You can quickly forget what life is like in the trenches. If you want to be an effective product manager, you need to actually work on the product. Some people estimate you should spend 30% of your time with hands-on work in engineering roles.
I would suggest that it is paramount for product managers of all levels to be “do-ers”.
It is crucial for managers in the product space to:
- Get out of meetings
- Walk away from product roadmaps and strategy
- Lead by example by consistently getting into the weeds
How to get your hands dirty
Write a Spec
Product Requirement Documents drive the efforts of the entire product team. It is hard to come by a more important, higher leverage piece of work for a company. Every quarter, I make sure to take one project or feature, and write the entire PRD and spec for it.
This includes writing up wireframes, mockups, business cases, scenarios, technical discussions, and timelines. I also put it through the same process my PM’s need to go through: review, iterations, sign-off, etc.
Teardown a Competitor
When I see a competitor that seems interesting or a technology that could be useful to our products, I will spend an hour on a Friday performing a teardown.
Where possible, a good teardown will involve getting hands on time with the tech or product in question, taking relevant screenshots, and writing up evaluative feedback. I then provide some ideas about how we can either beat the competitor or, if unsuccessful, integrate with them. I post these ideas into our Wiki and share with the team.
Triage Bugs
About once a week, I will jump into JIRA, pick a product, and review the Priority 1 and 2 bugs. Do they match my expectation of priority? Great. If there are any questions, I will sit down with the individual PM and ask them about it.
Attend Individual Scrums
There are too many projects on my team to go to every scrum, so instead I pick one day each week to attend a different product’s meeting. I usually sit and listen quietly, then afterward will use my one-on-one with that PM to ask questions about what I heard. There is a lot you can tell about a team just by occasionally showing up to their daily standup.
Why would you do this?
Respect
Students in my Product Management class at General Assembly this semester heard me start every lesson with some form of “This stuff is so cool! I love building products.” One of the first things I look for when hiring PM’s is their raw passion for wanting to build cool stuff.

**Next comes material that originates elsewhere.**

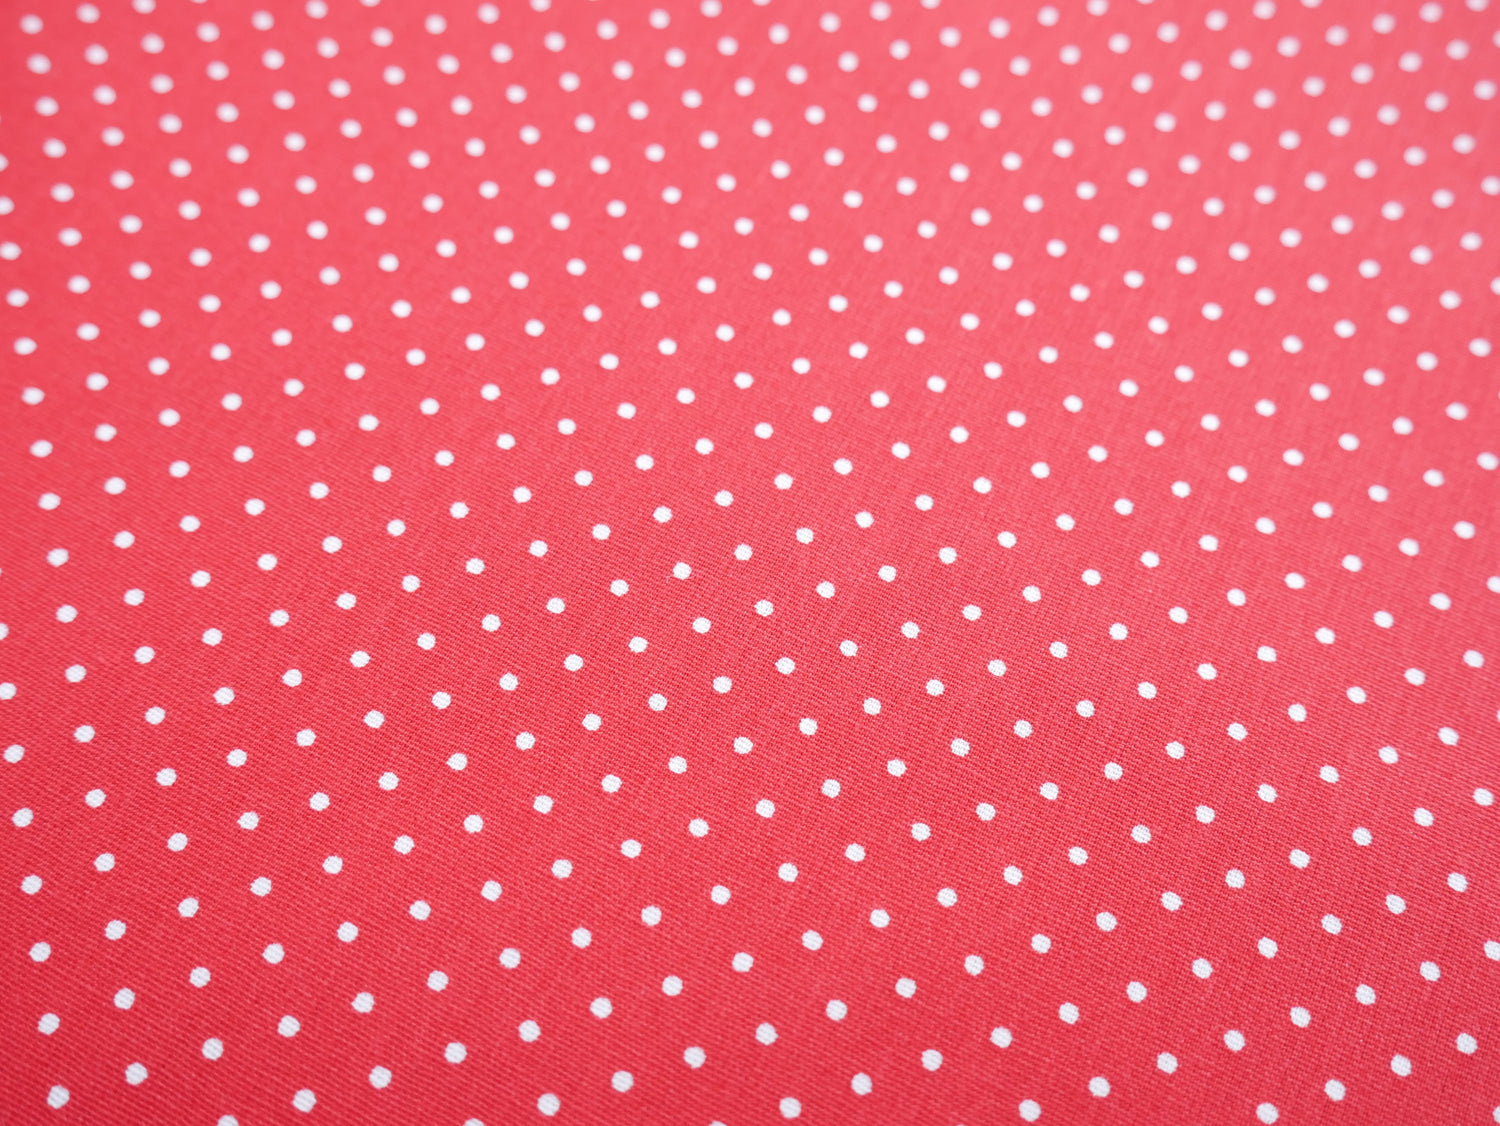 Pin-Spot Printed Cotton, Red £8.50 p/m-Fabric-Flying Bobbins Haberdashery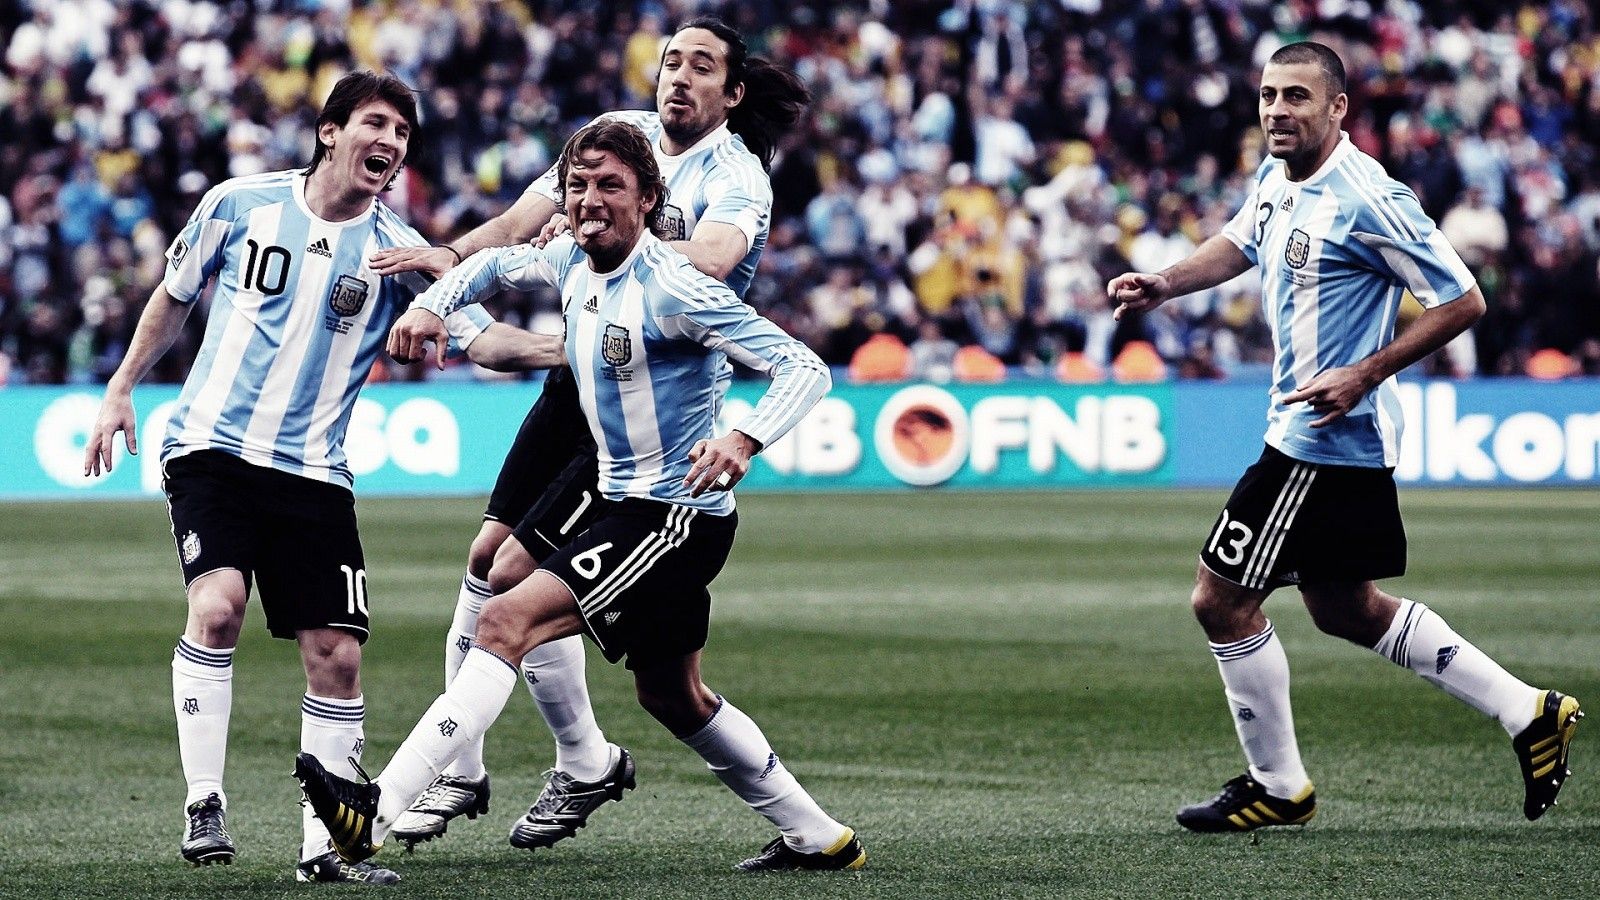 Wallpaper, sports, stadium, ball, Argentina, Lionel Messi, kick, 1600x900 px, football player, sport venue, soccer player, tackle 1600x900

Doing individual work like this shows your team, your peers, and your management that you are fired up about building products. You will earn their respect, which can be especially helpful when on-boarding into a new team.
Improved efficiency
The first time you write a spec as a newly promoted manager (especially if you have not written one in a while), you will instantly discover what in the spec process needs improvement. Fixing these issues will make your entire team more efficient.
On our team, I realized that we had four different flavors of PRDs. I worked with Alex (one of our Directors of Product Management) to unify them into a single format. We then came up with a template for the new PRDs and put it into our Wiki. That is the spec process we use on all of our products today.
A Dose of Realism
It is easy to think projects and products will execute extraordinarily well. As a manager in the product organization, your goal is to balance your optimism for completing a project against your pessimism, and your previous experience telling you how complex it is going to be.
Periodically writing a spec, attending a scrum, and triaging bugs can help you stay much closer to what is actually happening inside your products and code.
Spend your time wisely
Which will be more expensive: time spent on non-managerial work, or the risk of failure stemming from a knowledge gap between strategy and execution?